Recent developments, however, threaten this equilibrium. To begin with, the nature of states’ efforts to extend their territorial reach has, in recent years, been shifting in a way that may prove to spawn more conflict. In the past, concerns about extraterritoriality have often been rooted in fears that states will favor their own citizens or, in some cases, sympathetic litigants in their own courts.[13] States, for example, have sought to secure for their citizens competitive prices on liquor,[14] to deter out-of-state corporations from behaving badly toward state residents,[15] and to apply legal rules that ensure resident plaintiffs receive the fullest possible recovery.[16] In consequence, the Court—for all other constitutional provisions it has here and there suggested might be relevant to this topic—has often focused on the dormant Commerce Clause, with its roots in combatting in-state protectionism,[17] or the Due Process Clause, with its protections for defendants from arbitrary results,[18] in reining in states’ territorial overreach.

Concerns about protectionism, to be sure, continue to arise.
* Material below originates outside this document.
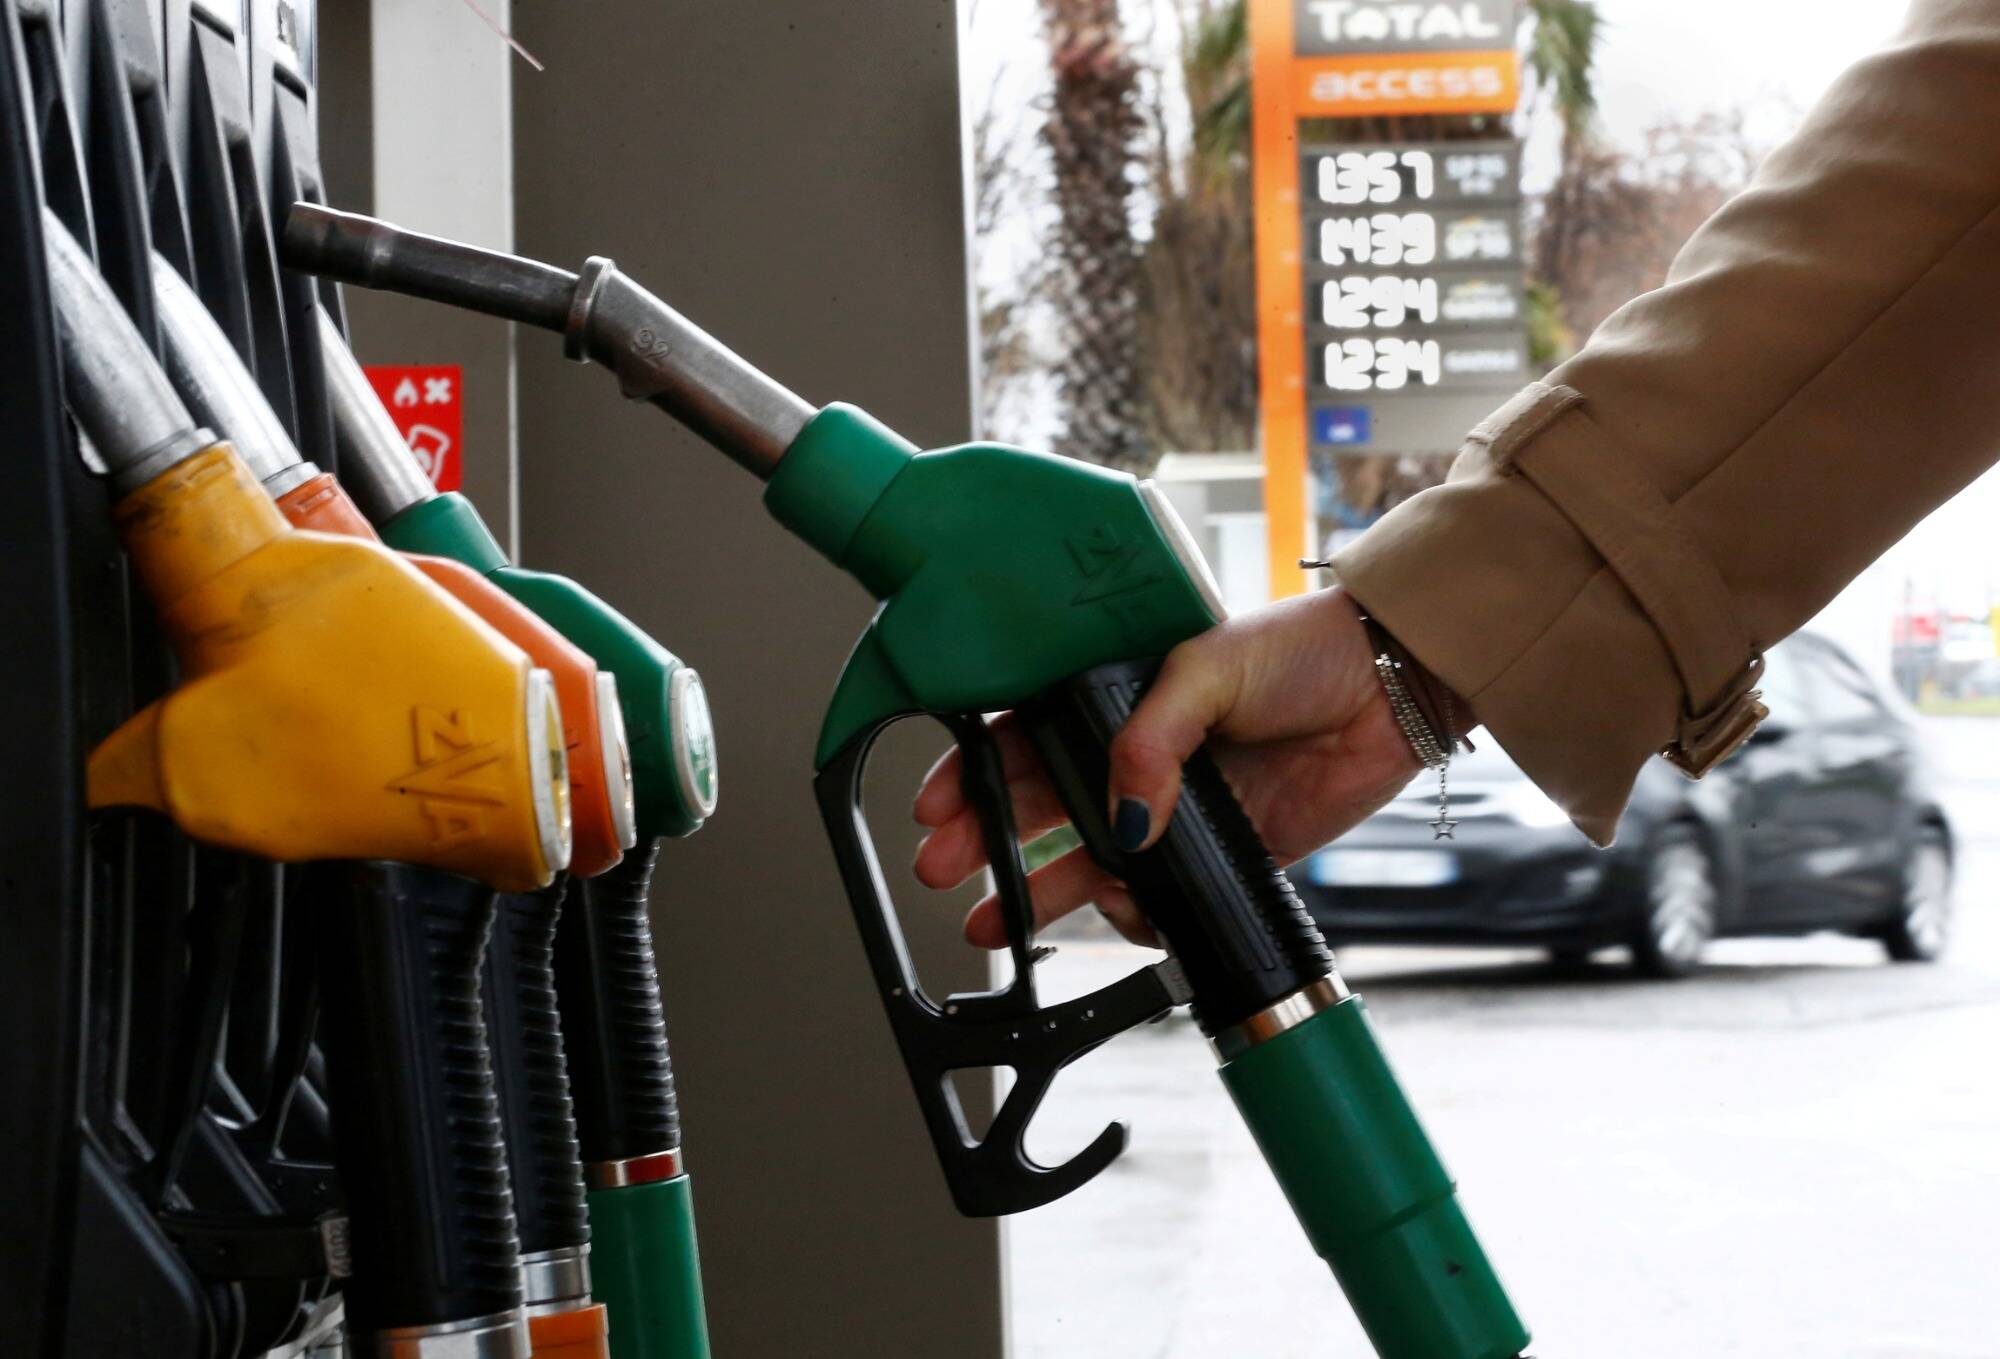 Uw voertuig ombouwen naar bio-ethanol om brandstof te besparen?  3 vragen om alles te begrijpen
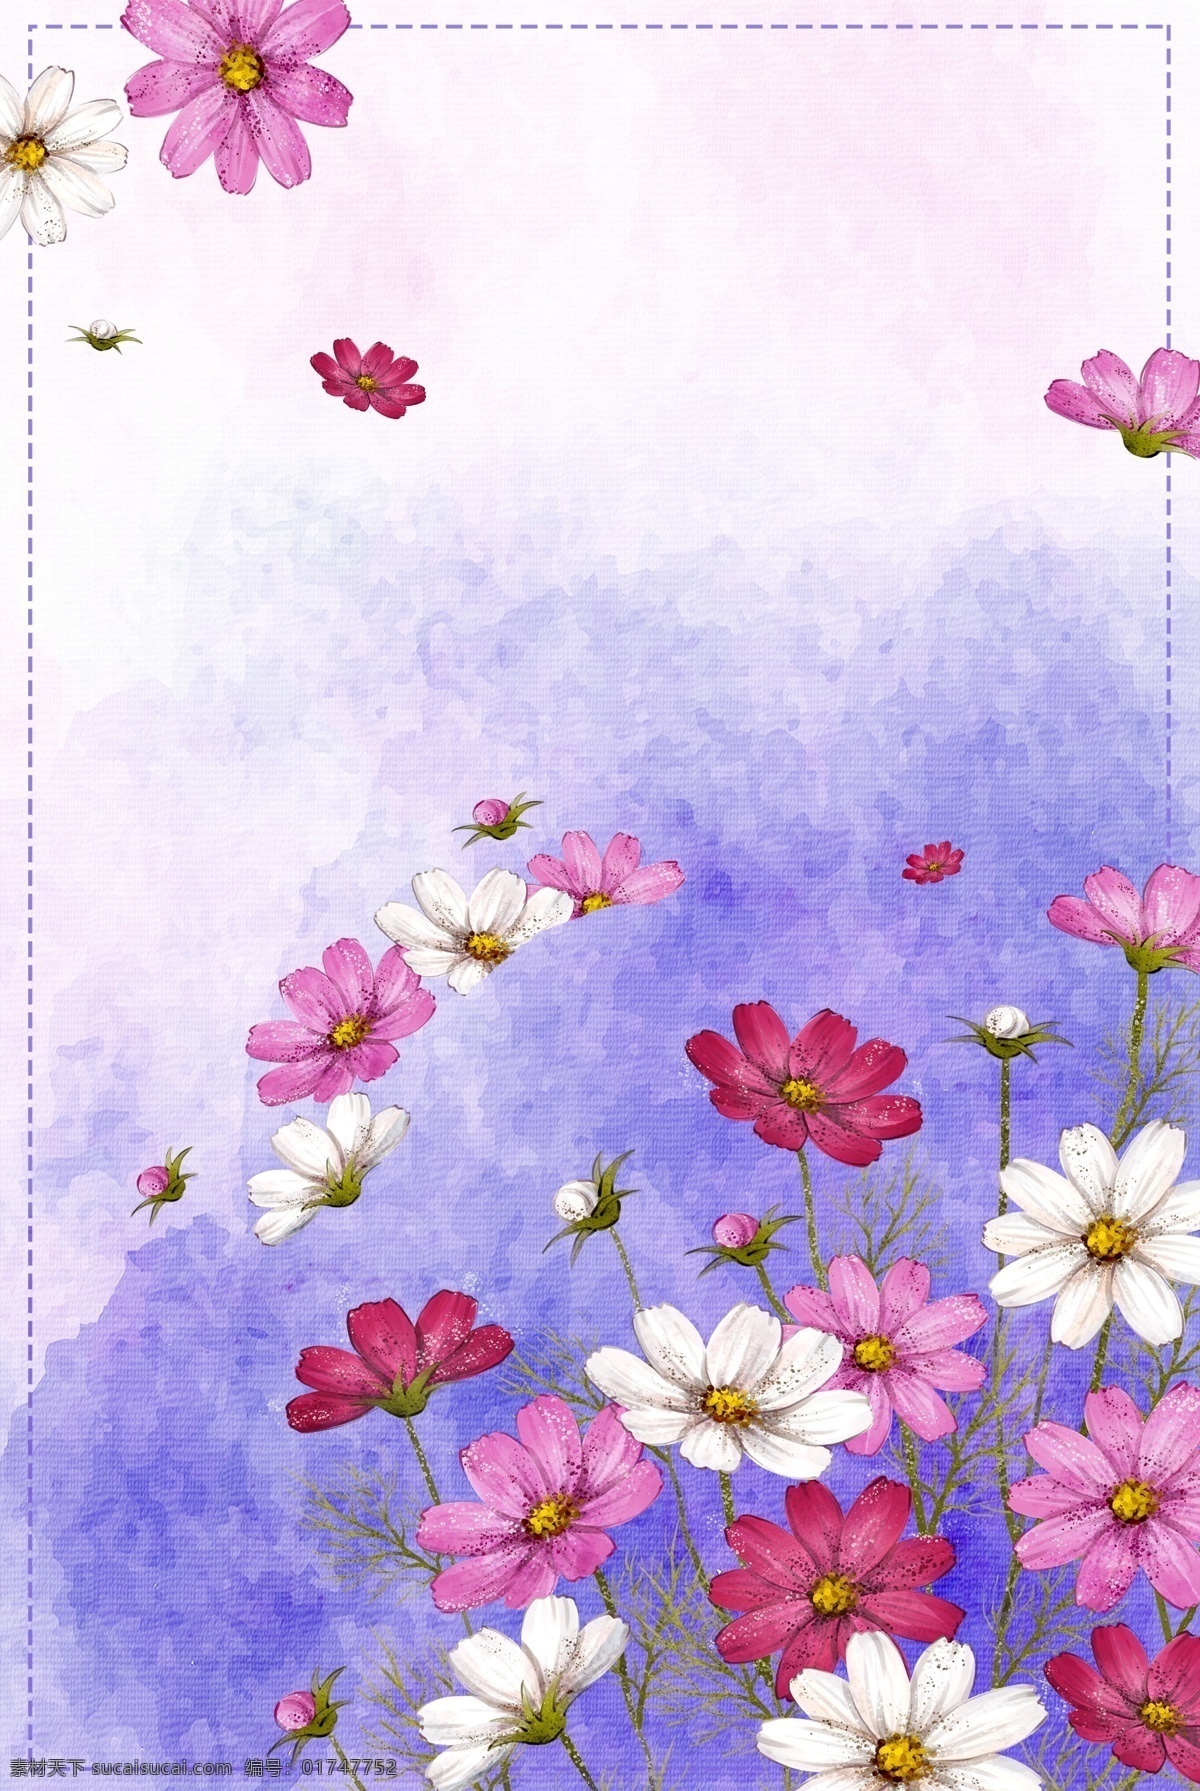 浪漫 水彩 手绘 植物 花朵 海报 背景 底纹 清新 时尚 春夏

In the judicial realm, state courts sometimes apply forum law in service of what one commentator has described as “parochial” interests,[19] and dormant Commerce Clause cases involving outright discrimination against out-of-state industries continue to be litigated.[20] In recent years, however, the most heated debates about the extraterritorial scope of state law have generally not hinged on states’ efforts to secure economic advantages for their citizens. Rather, current controversies tend to revolve around state laws that convey no financial benefit on state residents—in fact, they sometimes do the opposite[21]—but instead express, safeguard, or seek to extend certain deeply held principles of public policy.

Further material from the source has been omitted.